## Work instruction
Write out the whole listing exactly; no images belong in it.

## Supplied data
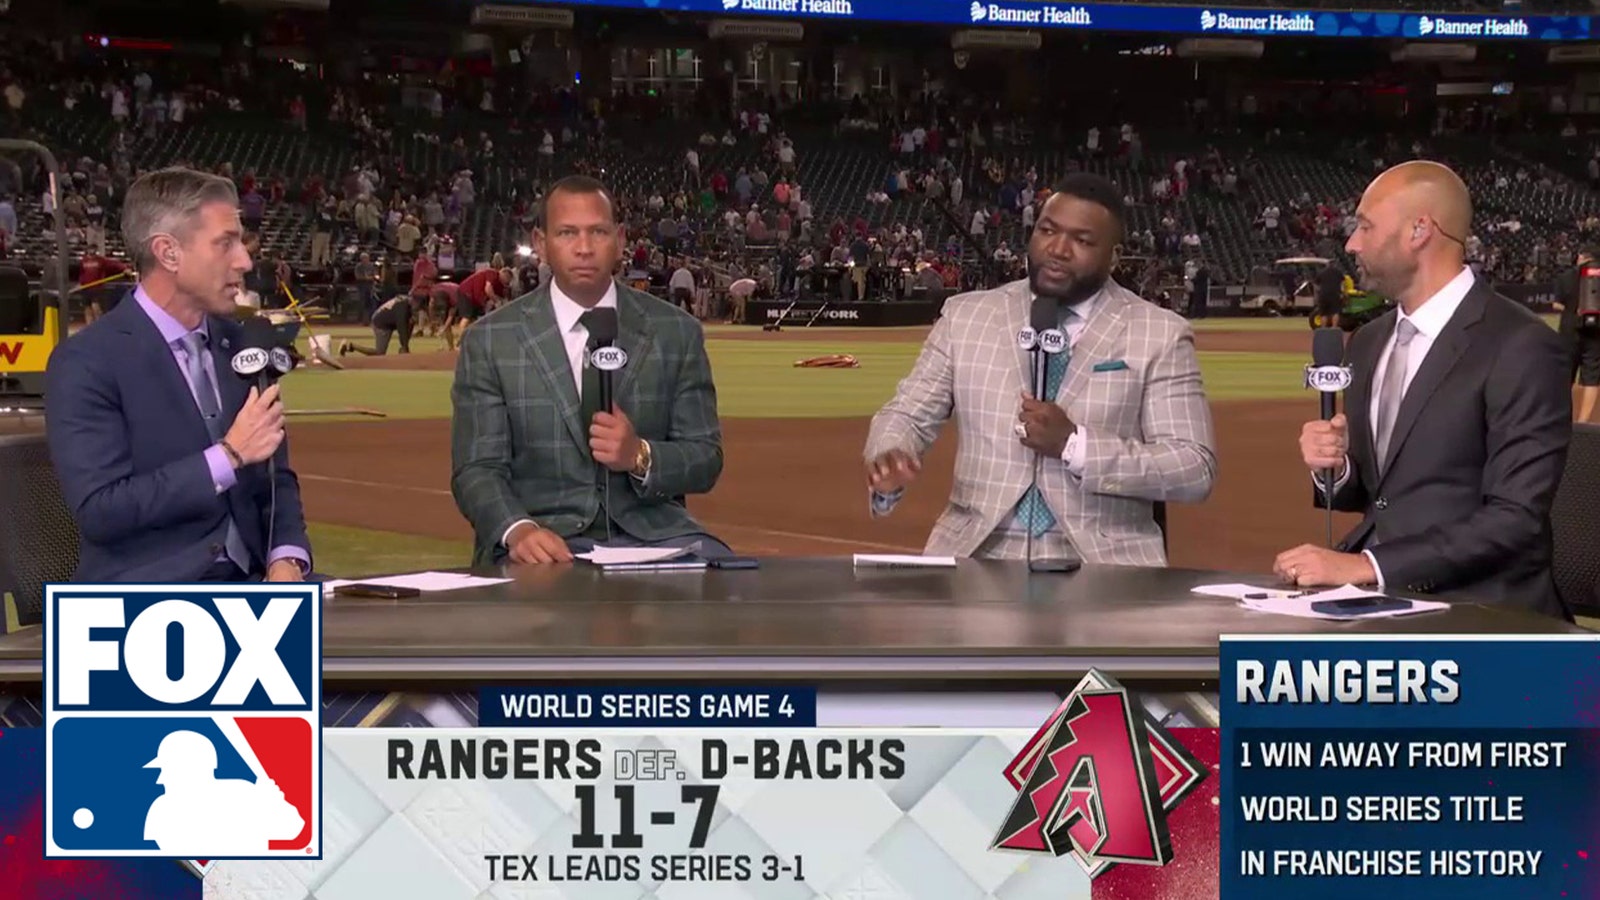 Rangers rout D-backs in Game 4: Jeter, Big Papi & A-Rod react
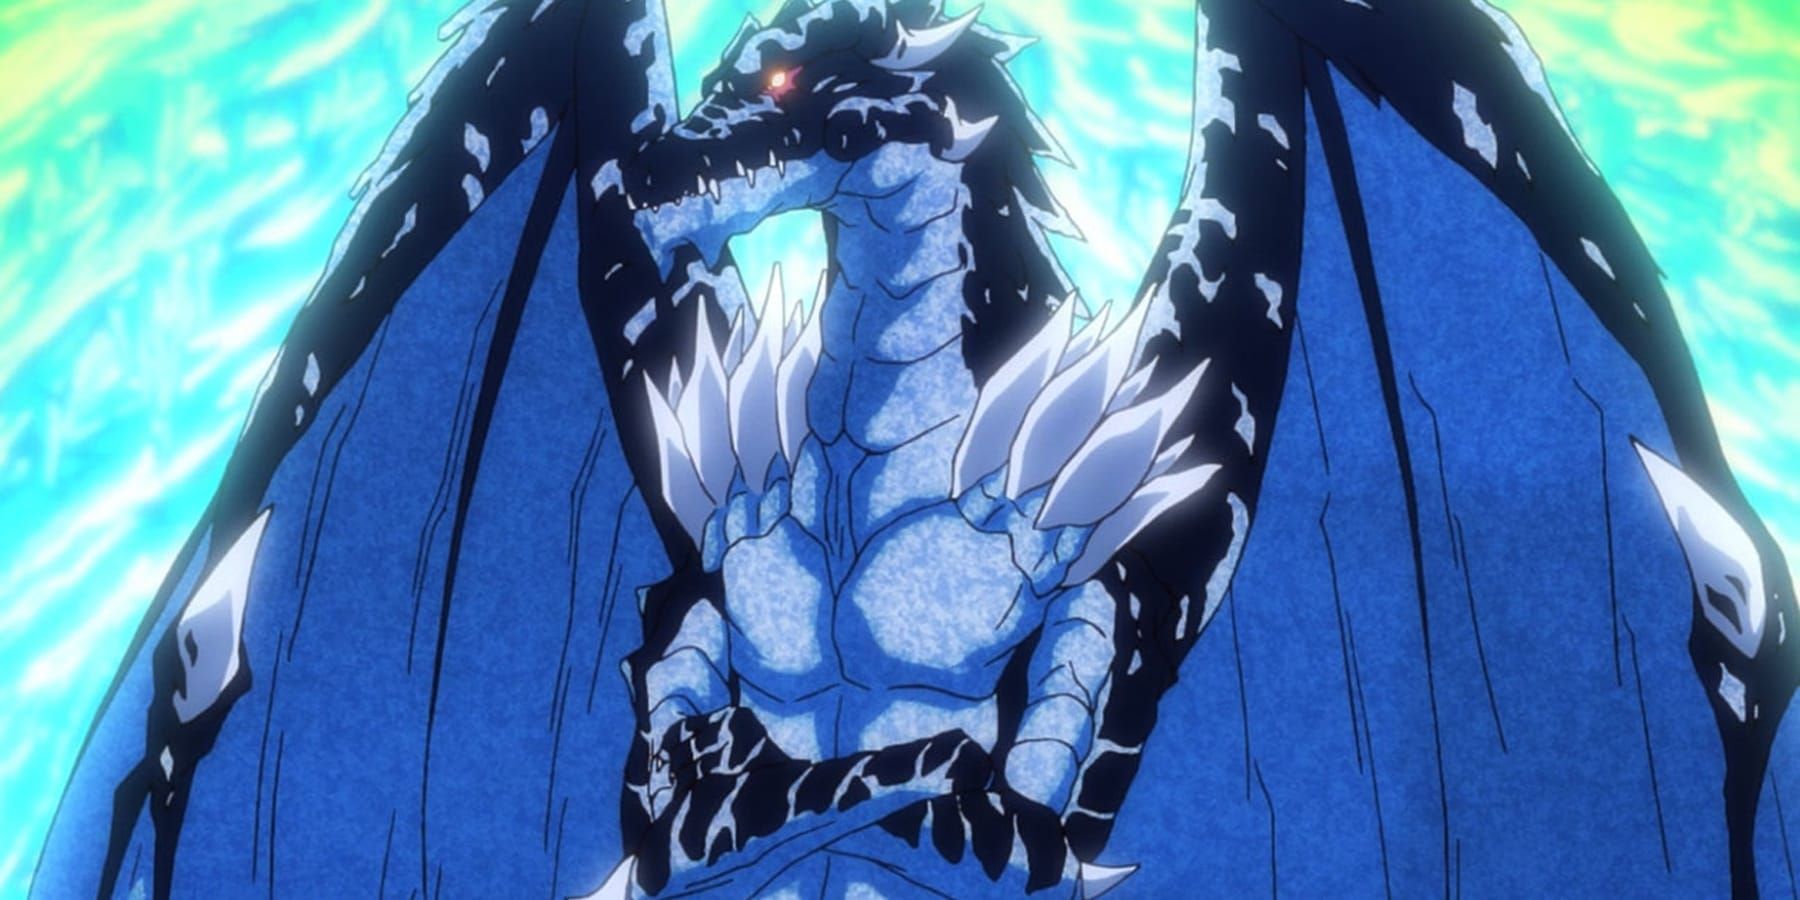 That Time I Got Reincarnated as a Slime Storm Dragon
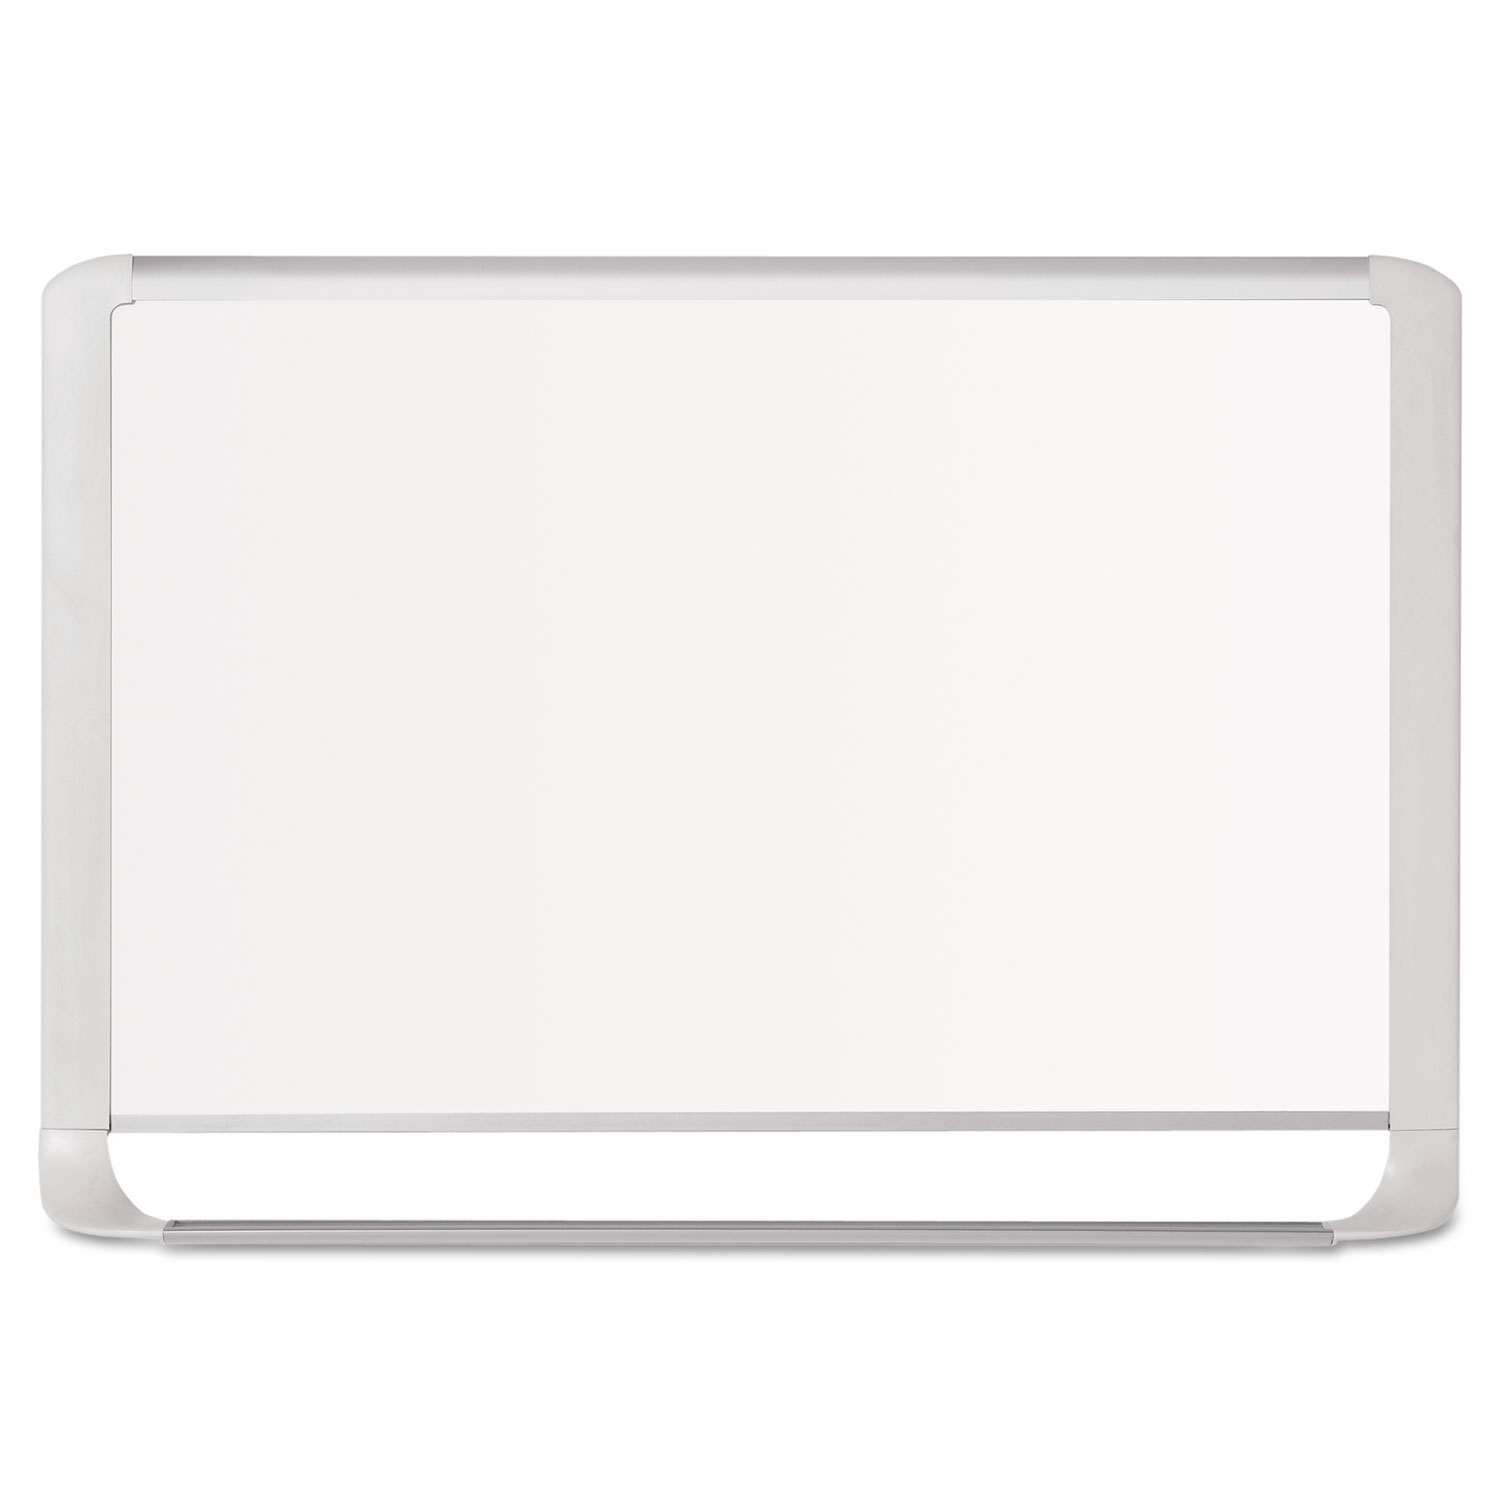  MasterVision MVI210205 Lacquered steel magnetic dry erase board, 48 x 96, Silver/White (BVCMVI210205)

## Answer to the problem
 Rangers rout D-backs in Game 4: Jeter, Big Papi & A-Rod react
 That Time I Got Reincarnated as a Slime Storm Dragon
  MasterVision MVI210205 Lacquered steel magnetic dry erase board, 48 x 96, Silver/White (BVCMVI210205)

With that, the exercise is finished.